Это правда особого рода, это правда действительности. Но это не очерк, а рассказ. Как мне сделать его вещью прозы будущего – чем-либо вроде рассказов Сент-Экзюпери, открывшего нам воздух.
В прошлом и настоящем для успеха необходимо, чтобы писатель был кем-то вроде иностранца в той стране, о которой он пишет. Чтобы он писал с точки зрения людей, – их интересов, кругозора, – среди которых он вырос и приобрел привычки, вкусы, взгляды. Писатель пишет на языке тех, от имени которых он говорит. И не больше. Если же писатель знает материал слишком хорошо, те, для кого он пишет, не поймут писателя. Писатель изменил, перешел на сторону своего материала.
Не надо знать материал слишком. Таковы все писатели прошлого и настоящего, но проза будущего требует другого. Заговорят не писатели, а люди профессии, обладающие писательским даром. И они расскажут только о том, что знают, видели. Достоверность – вот сила литературы будущего.
А может быть, рассуждения здесь ни к чему и самое главное – постараться вспомнить, во всем вспомнить Марусю Крюкову, хромую девушку, которая травилась вероналом, скопила несколько блестящих крошечных желтеньких яйцеобразных таблеток и проглотила их. Веронал она выменяла на хлеб, на кашу, на порцию селедки у соседок по палате, коим был прописан веронал. Фельдшера знали о торговле вероналом и заставляли больных глотать таблетку на глазах, но корочка у таблетки была жесткая, и обычно больным удавалось заложить веронал за щеку или под язык и после ухода фельдшера выплюнуть на собственную ладонь.

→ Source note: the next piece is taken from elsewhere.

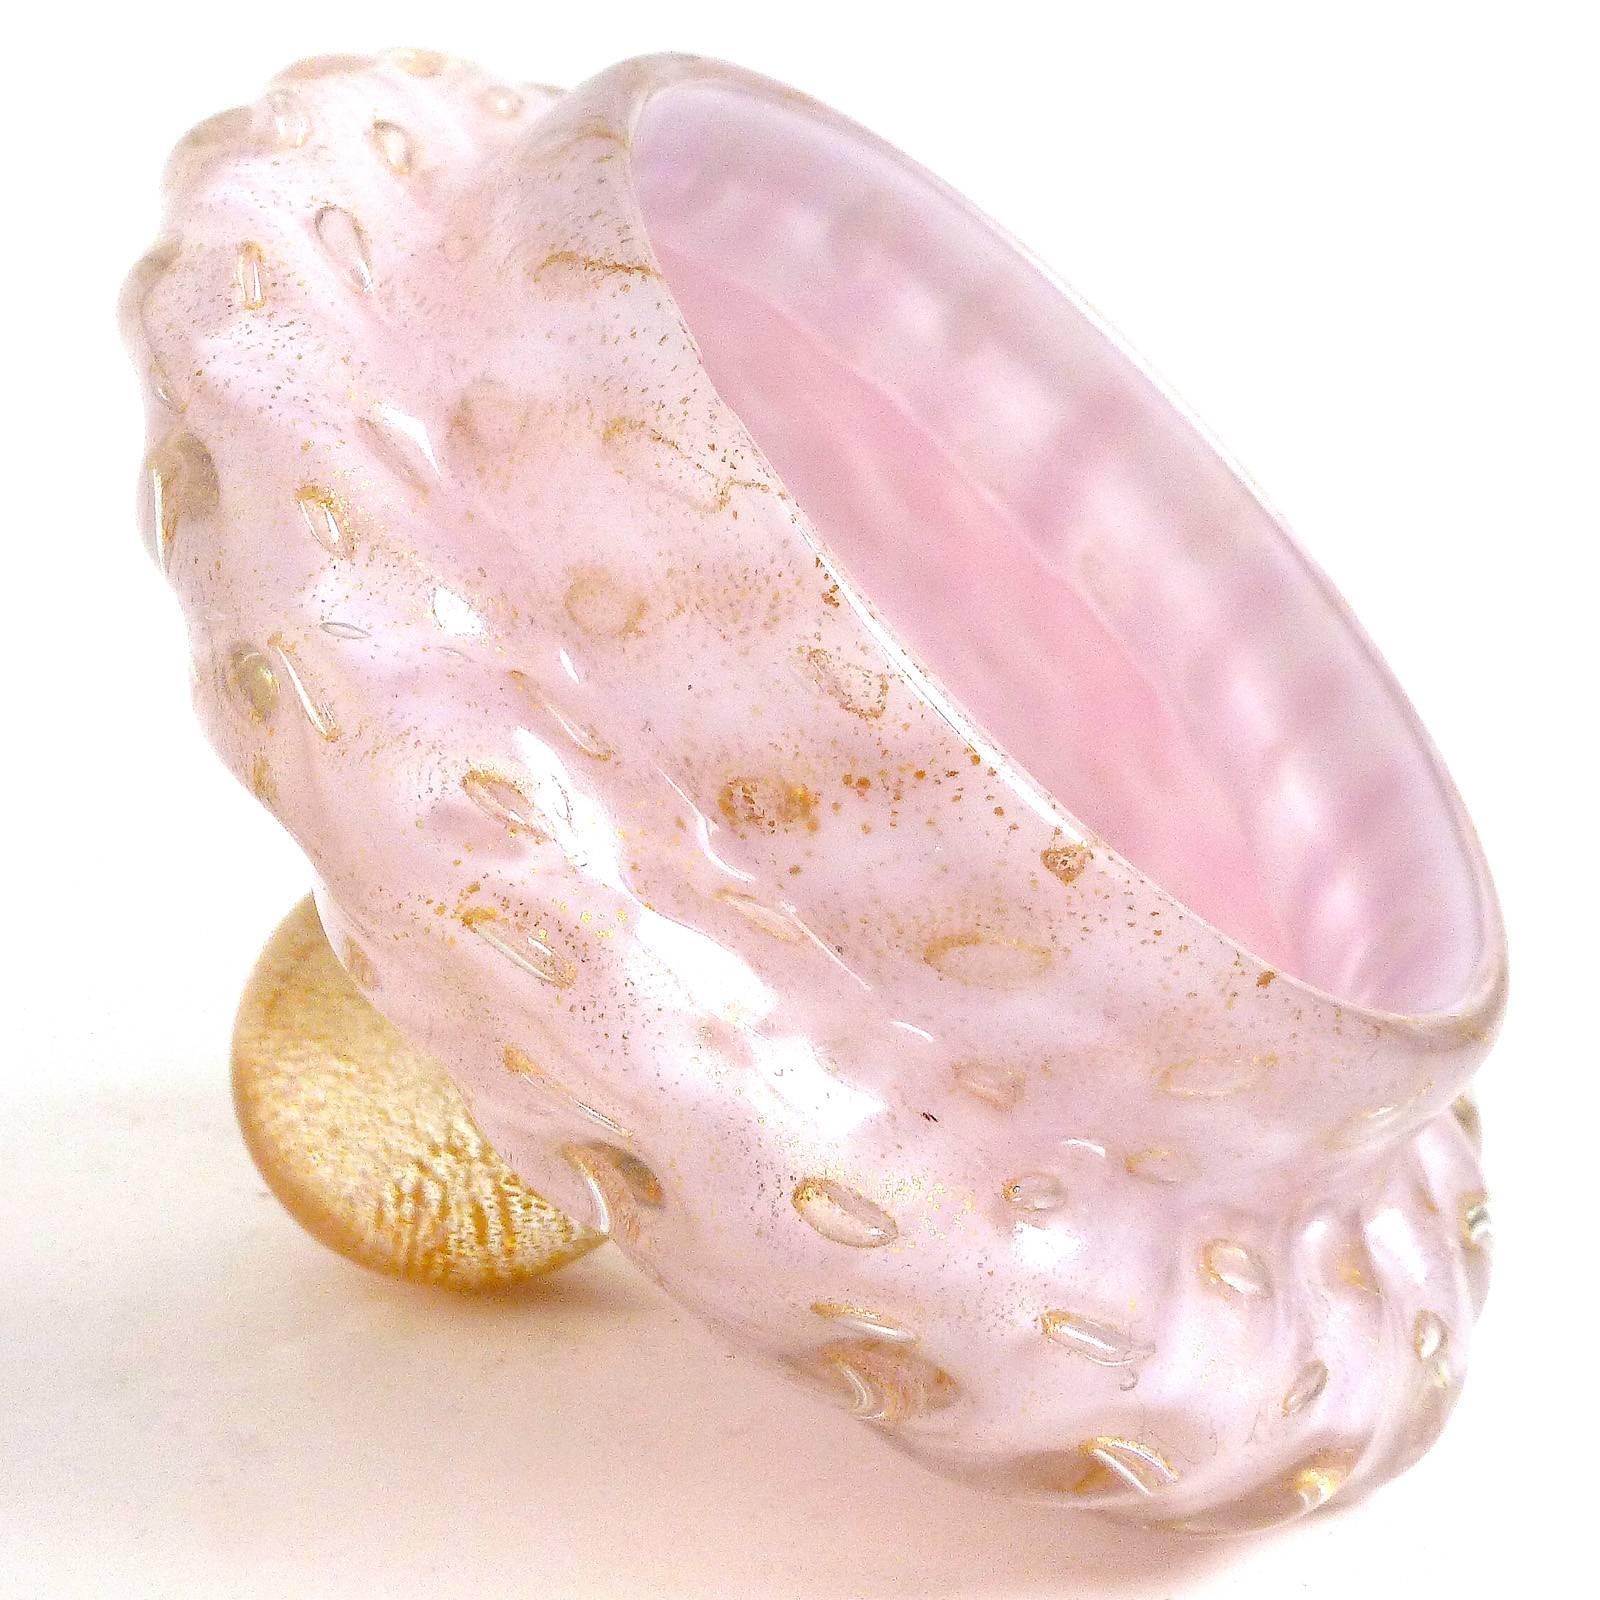 Free shipping worldwide! See details below description.

Beautiful and large Murano handblown pink, gold flecks and controlled bubbles art glass ribbed vanity powder box. Documented to designer Alfredo Barbini, circa 1950s. The piece has a ribbed

Маруся Крюкова не рассчитала дозы. Она не умерла, ее просто вырвало, и после оказанной помощи – промывания желудка – Марусю выписали на пересылку. Но все это было много позже истории с галстуком.
Маруся Крюкова приехала из Японии в конце тридцатых годов. Дочь эмигранта, жившего на окраине Киото, Маруся с братом вступила в союз «Возвращение в Россию», связалась с советским посольством и в 1939 году получила въездную русскую визу. Во Владивостоке Маруся была арестована вместе со своими товарищами и с братом, увезена в Москву и больше никогда никого из друзей своих не встречала.
На следствии Марусе сломали ногу и, когда кость срослась, увезли на Колыму – отбывать двадцатипятилетний срок заключения. Маруся была великая рукодельница, мастерица вышивки – на эти вышивки и жила Марусина семья в Киото.
На Колыме это уменье Маруси обнаружили начальники сразу. Ей никогда не платили за вышивки: либо принесут кусок хлеба, два куска сахару, папиросы, – Маруся, впрочем, не научилась курить. И ручная вышивка чудной работы стоимостью в несколько сотен рублей оставалась в руках начальства.
Услышав о способностях заключенной Крюковой, начальница санчасти положила Марусю в больницу, и с этого времени Маруся вышивала врачихе.
Когда пришла телефонограмма в совхоз, где Маруся работала, чтобы всех мастериц-рукодельниц направить попутной машиной в распоряжение …, начальник лагеря спрятал Марусю – у жены был большой заказ для мастерицы. Но кто-то немедленно написал высшему начальству донос, и Марусю пришлось отправить. Куда?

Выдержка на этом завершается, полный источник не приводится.